Stern, Grete

Grete Stern played an important role in the modernization of photography in Argentina, particularly with the technique of photomontage. Born in Germany, she trained as a graphic designer and photographer with Walter Peterhans, and later at the Bauhaus. In 1929, she and Ellen Auerbach opened a photography and advertising design studio, ringl+pit, where they experimented with innovations both in form and content, subverting the traditional image of women in advertising. The move to Argentina took place in 1935 with her husband, the photographer and filmmaker Horacio Coppola.

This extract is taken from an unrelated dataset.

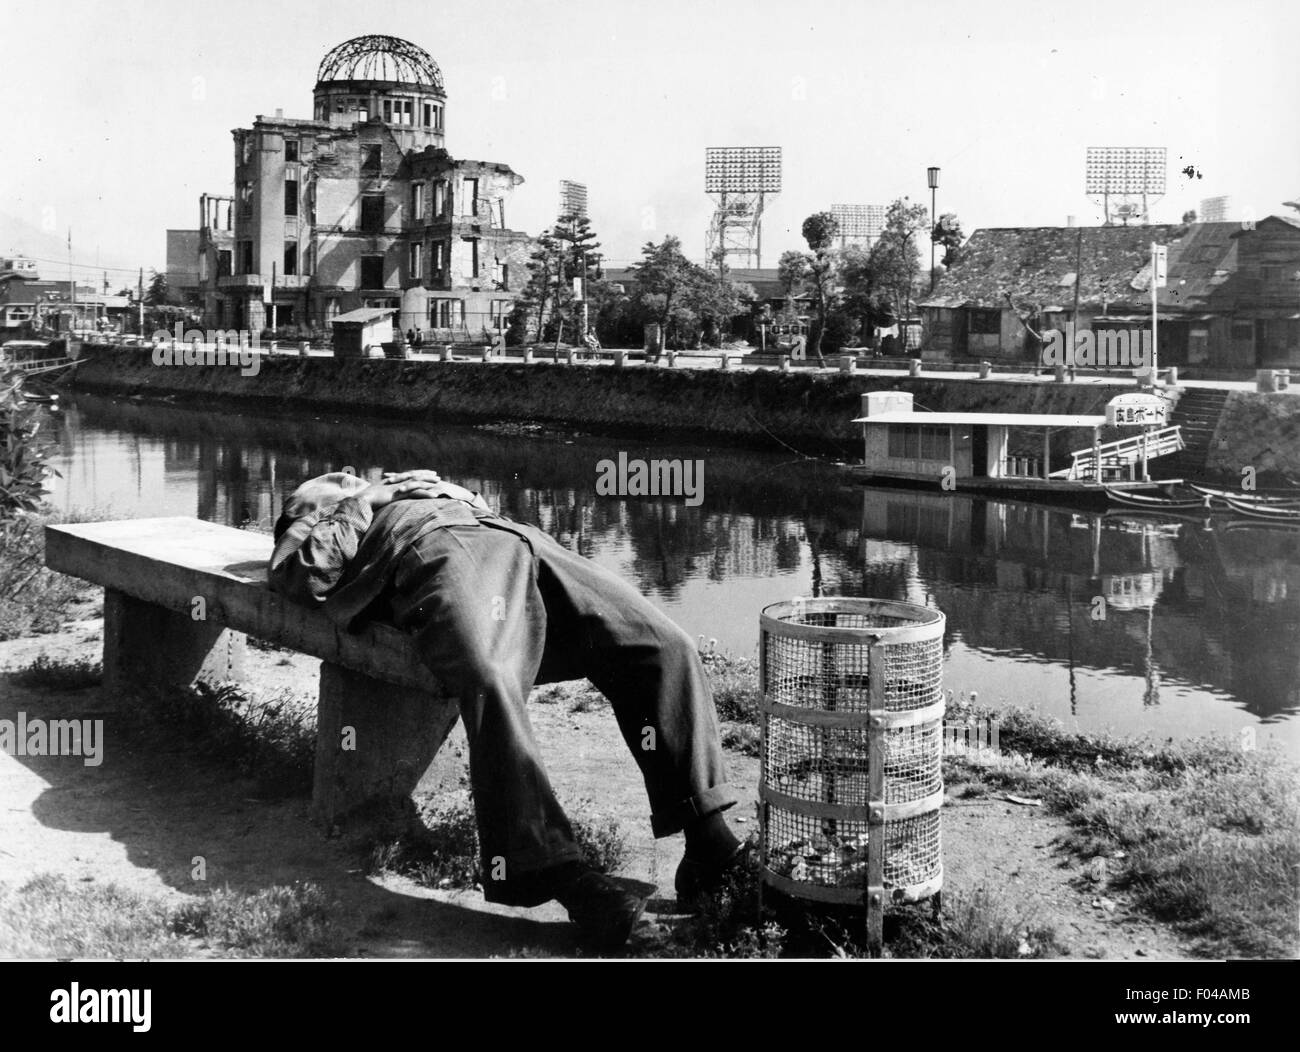 Japan. 6. August 2015. Datei - Hiroshima, die Stadt, die USA atomare Bombardierung im Jahr 1945 während des zweiten Weltkriegs gedacht zum 70. Jahrestag der Bombardierung im Friedenspark der Stadt. Im Bild: 29. März 2006; Hiroshima, JAPAN; (Foto-Datei: unbekanntes Datum) Ein japanischer Mann nimmt ein Nickerchen im Friedenspark, während über den Fluss auf einer Bank steht die Ruine der Industrie-Ausstellung Galerie, die sofort unter dem Punkt der Explosion der Bombe stand. Während der Rest von Hiroshima wieder aufgebaut wurde, wird dieses Gebäude als eine düstere Erinnerung an die Katastrophe erhalten. (Kredit-Bild: © ein Stockfoto

That same year, they organized a photography exhibition that would become emblematic for its modernity and opened a new photography and advertising studio.

Between 1948 and 1952, during the Peronist government, Stern created her famous series "Dreams," consisting of nearly 150 photomontages made to illustrate a column titled "Psychoanalysis Will Help You" in the women's magazine "Idilio." Combining humor and surrealism, Stern managed to convey powerful messages denouncing the situation of women in society at the time. Her photos are in important private collections and museums and institutions both in Argentina and abroad, such as the Museum of Modern Art in New York (MoMA), the Museo Centro de Arte Reina Sofía in Madrid, the Lasar Segall Museum in São Paulo, the National Museum of Fine Arts in Buenos Aires (MNBA), and the Valencian Institute of Modern Art in Valencia.

Her works have been exhibited both individually and collectively in countless exhibitions and publications. Among them, notable are the large retrospective of her photographic and design work by the Fundación San Telmo in Buenos Aires in 1981; the publication in 1995 of the catalog-book "Grete Stern, Photographic Work in Argentina" by the National Arts Fund; the edition of "Grete Stern, Book of Portraits Made in Argentina," with selection and texts by Sara Facio, in 1988; and the two exhibitions of the complete series of the Idilio photomontages held in 1995 and 2003 at the Valencian Institute of Modern Art (IVAM, Valencia, Spain) and at the Recoleta Cultural Center (Buenos Aires).